Any help would be appreciated!
With kind regards,

Fouke

Hi Fouke,

Welcome to the club of CiteProc impementers!

The tests you’re referring to are citeproc-js tests, not CSL only
tests, i.e., they also cover implementation details of citeproc-js
which are not part of the specification. We have been planning to
create an implementatioin agnostic test suite for a few years now. If
anyone’s to blame that it isn’t ready yet, it’s me: I volunteered to
work on it, but never found the time to do it.

If you’re interested in additional tests, there are a lot of citeproc-
ruby and csl-ruby tests here:

https://github.com/inukshuk/citeproc-ruby/tree/master/spec/citeproc/rub
y




These are appoximately 1,000 tests covering many aspects of CSL and
some citeproc-ruby implementation details (I’m certain there are tests
for page ranges for example).

Finally, here are most of citeproc-js tests converted to cucumber
features (not including tests added in the last two years):

I have tried for a long time to write a stateless processor, but I
don’t think it’s possible (disambiguation aside, you need have citation
styes which use ibidem for consecutive citations and, if I remember
correctly, there are number of other requirements which make it
necessary to manage state). My current solution is to distinguish
between a stateless renderer component, a CSL node tree for style and
locale, a formatter (for formatting the output and handling things like
double spaces, flipping single or double quotation marks etc.), and a
stateful processor – I don’t think you can make do with significantly
less.

Sylvester

signature.asc (213 Bytes)

Hi Sylvester,

Thanks for the welcome!

Yeah, an implementation agnostic test suite would be ideal, as it’s
frustrating some times thinking I’ve implemented one feature, only to
find that the test cases also depend on features that are not part of
the CSL specs. Maybe later on, when I’ve implemented most of the
remaining features, I will contact you again to see how I can help to
create such a suite. That will also be a good time for me to switch from
the citeproc-js test format to cucumber (SpecFlow as it’s called for
.NET), and then I will also have a look at the Ruby test sets. Thanks.

And for stateless vs statefull, like you I’ve tried to avoid a stateful
implementation until now, but I too no longer see any way to avoid it.
As you don’t either, I’ll give in then, embrace the dark side.

The other components you mention are already part of my solution, that’s
reassuring. I added one other: I actually compile the style/locale node
tree into c# code.

Could you point out to me which parts of your code tend to the double
spaces/quotes/punctuation?

Thanks for now,
Regards,

Fouke

Sylvester Keil schreef op 2016-06-29 13:23:> Hi Fouke,

FWIW, I fully agree that the divergence between CSL specs and what
citeprocs need to do is a problem and it’s one of the things that we’d like
to address in the next set of the specs (pretty sure that Rintze is on the
same page with me on this). I’m not 100% sure to what degree that’ll be
possible while still keeping the specs a manageable document – so the
exact format this takes and how long it’ll take is unclear.

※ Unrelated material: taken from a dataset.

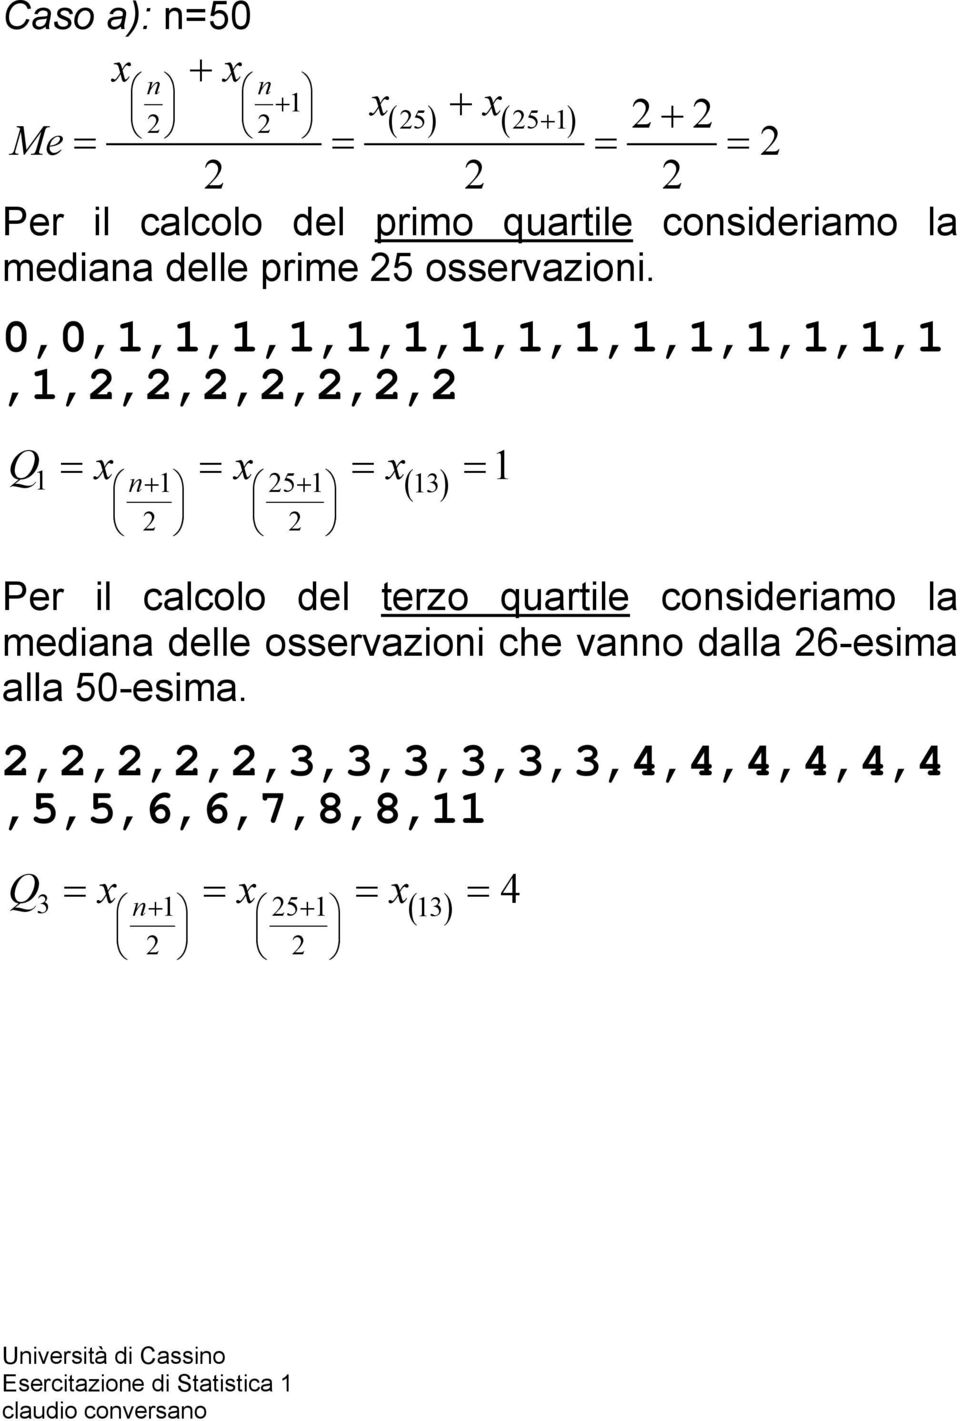 0,0,1,1,1,1,1,1,1,1,1,1,1,1,1,1,1,1,2,2,2,2,2,2,2 Q = x = x = x = 1 1 n+ 1 25+ 1 13 2 2 Per il calcolo del terzo
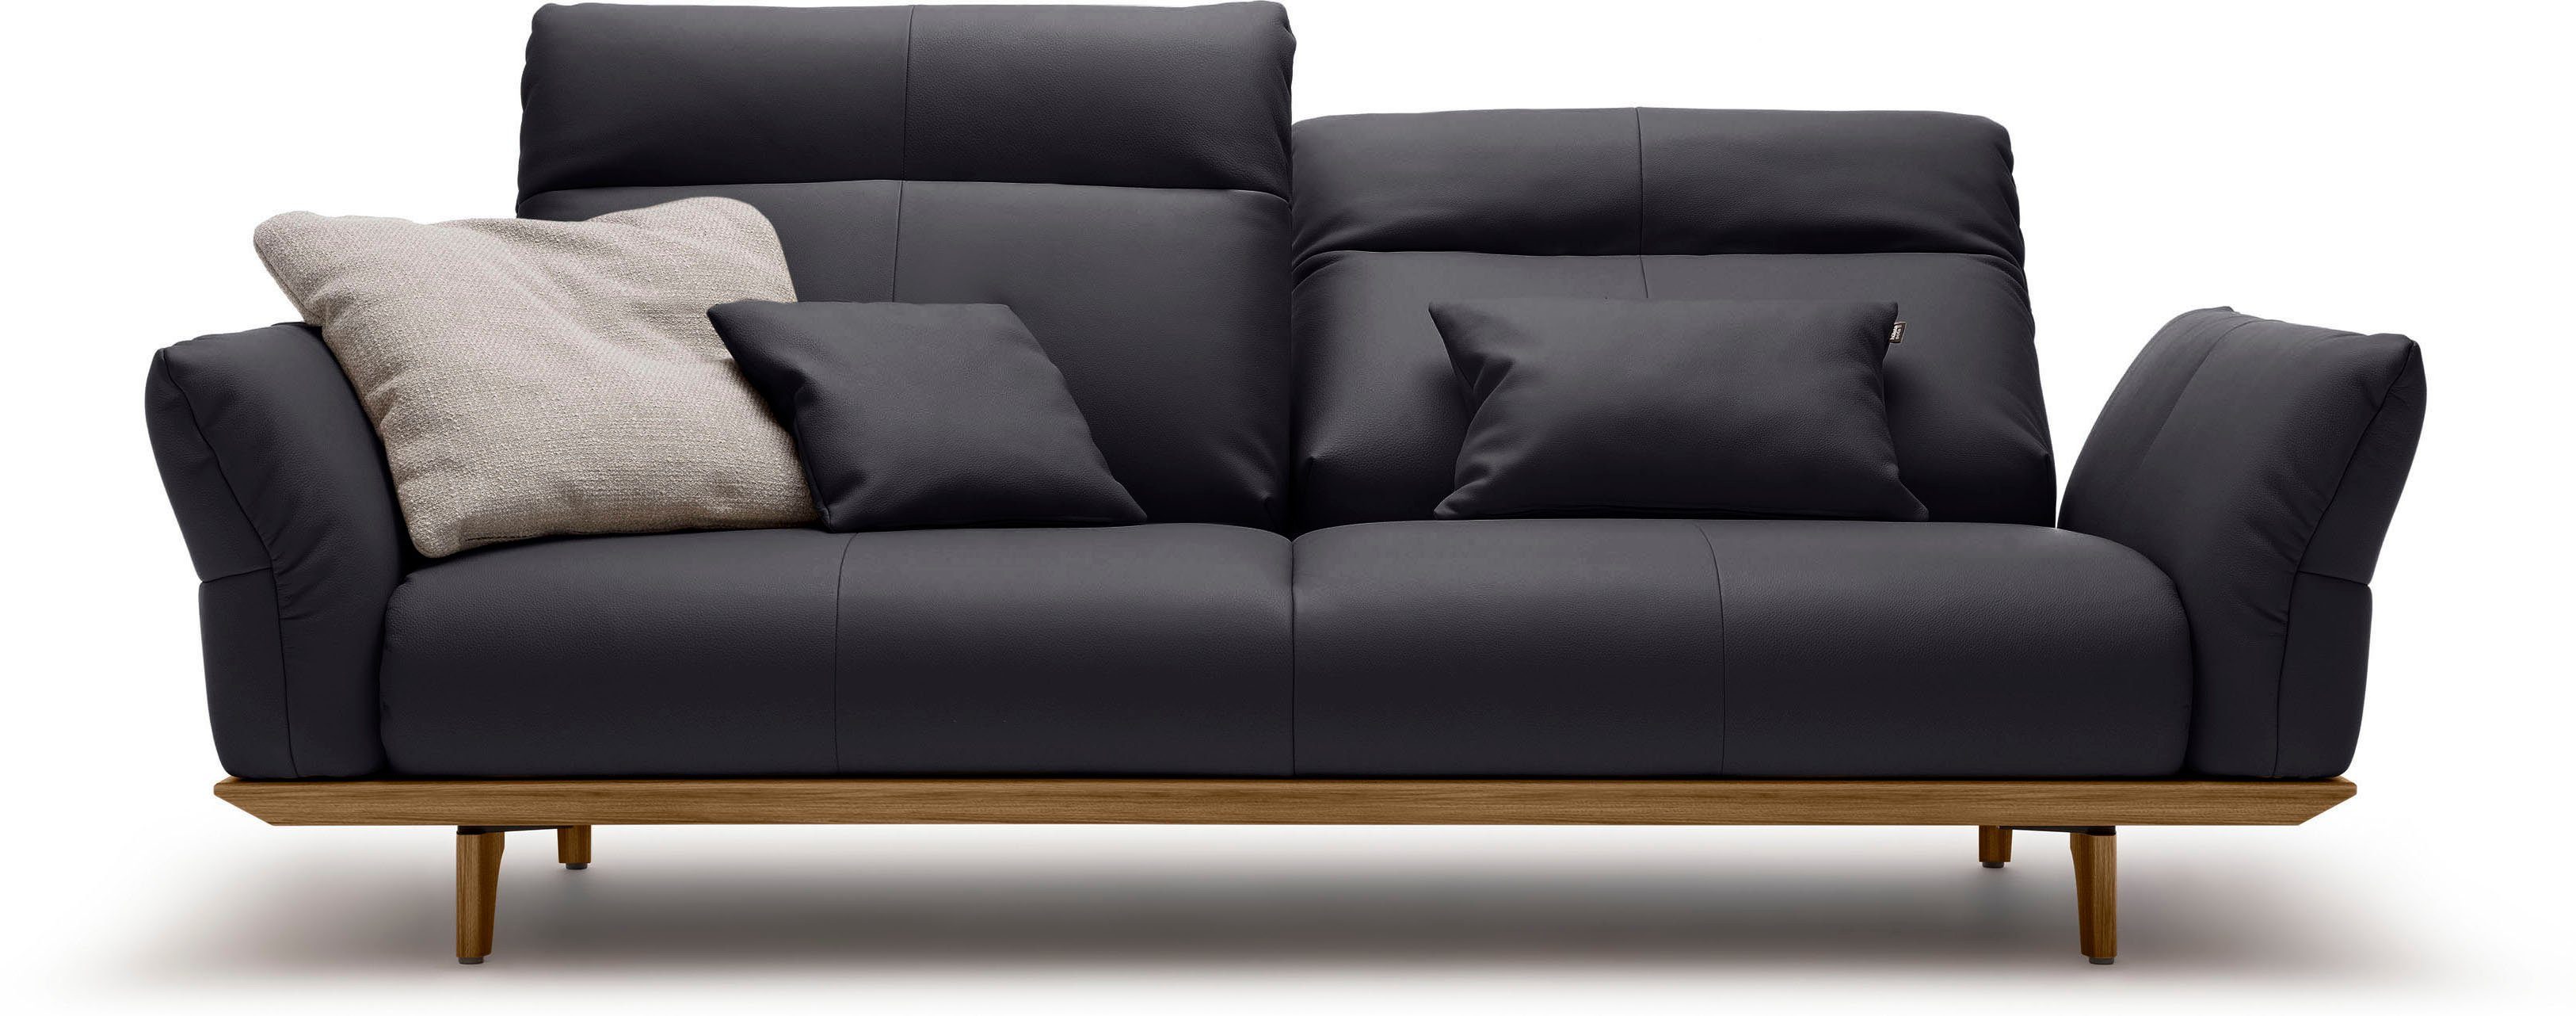 sofa 208 Nussbaum, hs.460, Füße hülsta in Breite Nussbaum, cm Sockel 3-Sitzer

I think it would be best to work toward a situation where the
specification is a clean subset of the unit test coverage, meaning
that:

  • all behavior described in the spec should be covered by, and be
    consistent with, our unit tests
  • additional tests may be used to go above and beyond the spec

This has the advantage that the specification, which is still the only
source of in-depth information on CSL, doesn’t need to bloat to cover
every single edge case. That helps both readability for style authors,
and maintainability. I think it’s fine if the spec takes a
higher-level view of some topics (like suppression of duplicated
punctuation) and just defers to our unit tests for the desired
behavior.

I’d be happy to help curate the tests if somebody else sets up a
proper infrastructure. Once we have that, we can work to organize/tag
tests, ensure proper coverage, and minimize tests as much as possible.

Rintze